Two distinct serving patterns exist for ML models. Most production systems use both.

Batch inference: run the model against the full feature table on a schedule (nightly or hourly), write predictions to a Gold Delta table. Consumers (dashboards, operational systems) read from the predictions table. Low latency requirements, handles large volumes.

Real-time inference: serve the model behind an HTTP endpoint that responds in milliseconds to individual feature vectors. Used for interactive applications (fraud detection, recommendation engines) where latency matters.

The architecture differs: batch inference is a Spark job; real-time inference is a managed service.

Batch Inference Pipeline

The batch inference job reads the Production model from the MLflow registry, loads the feature table for today, applies the model as a Spark UDF (from Part 5), and writes scored records to a Gold predictions table.

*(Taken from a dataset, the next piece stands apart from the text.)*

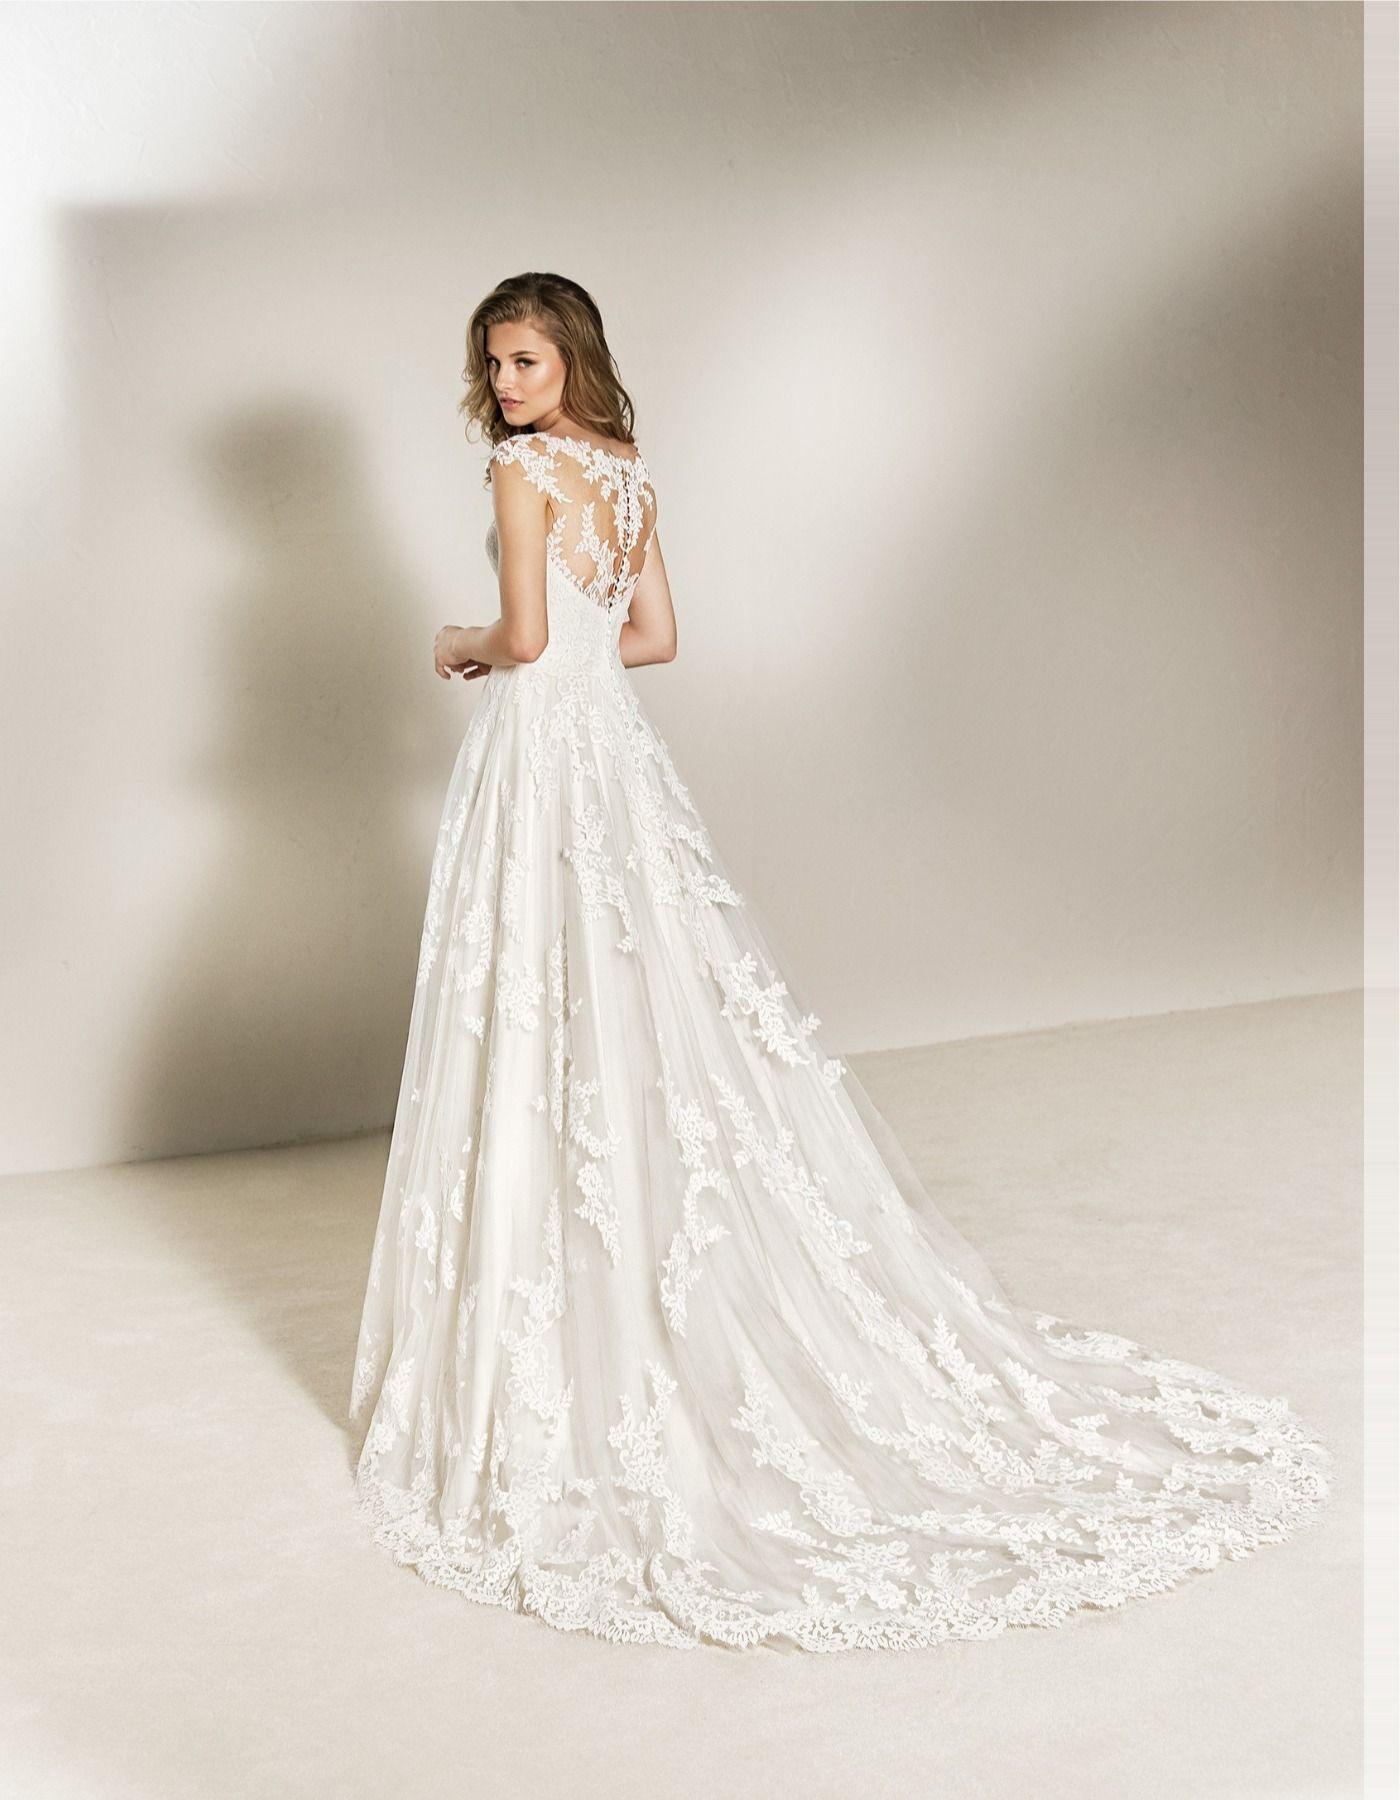 Charlotte Pronovias Wedding Dress Short Wedding Gowns Wedding Dresses [ 1800 x 1400 Pixel ]

Code block — full batch inference script:

from pyspark.sql import SparkSession, functions as F
import mlflow.pyfunc

spark = SparkSession.builder.appName("batch-inference").getOrCreate()

# Load model once from registry — cached for the job
model_udf = mlflow.pyfunc.spark_udf(
    spark,
    model_uri="models:/churn-prediction-model/Production",
    result_type="double",
)

feature_cols = [
    "event_count_30d", "active_days_30d", "days_since_last_event",
    "purchase_count_30d", "account_age_days", "rolling_7d_events",
]

# Score today's features
predictions = (
    spark.table("main_catalog.gold.user_features")
    .filter(F.col("feature_date") == F.current_date())
    .withColumn("churn_probability", model_udf(*[F.col(c) for c in feature_cols]))
    .withColumn("predicted_churn", (F.col("churn_probability") >= 0.5).cast("boolean"))
    .withColumn("scored_at", F.current_timestamp())
    .select("user_id", "feature_date", "churn_probability", "predicted_churn", "scored_at")
)

# Write predictions to Gold table
predictions.write \
    .format("delta") \
    .mode("overwrite") \
    .option("replaceWhere", f"feature_date = '{F.current_date()}'") \
    .saveAsTable("main_catalog.gold.churn_predictions")

print(f"Scored {predictions.count():,} users")

This job runs nightly (or on-demand), produces predictions that downstream dashboards consume immediately.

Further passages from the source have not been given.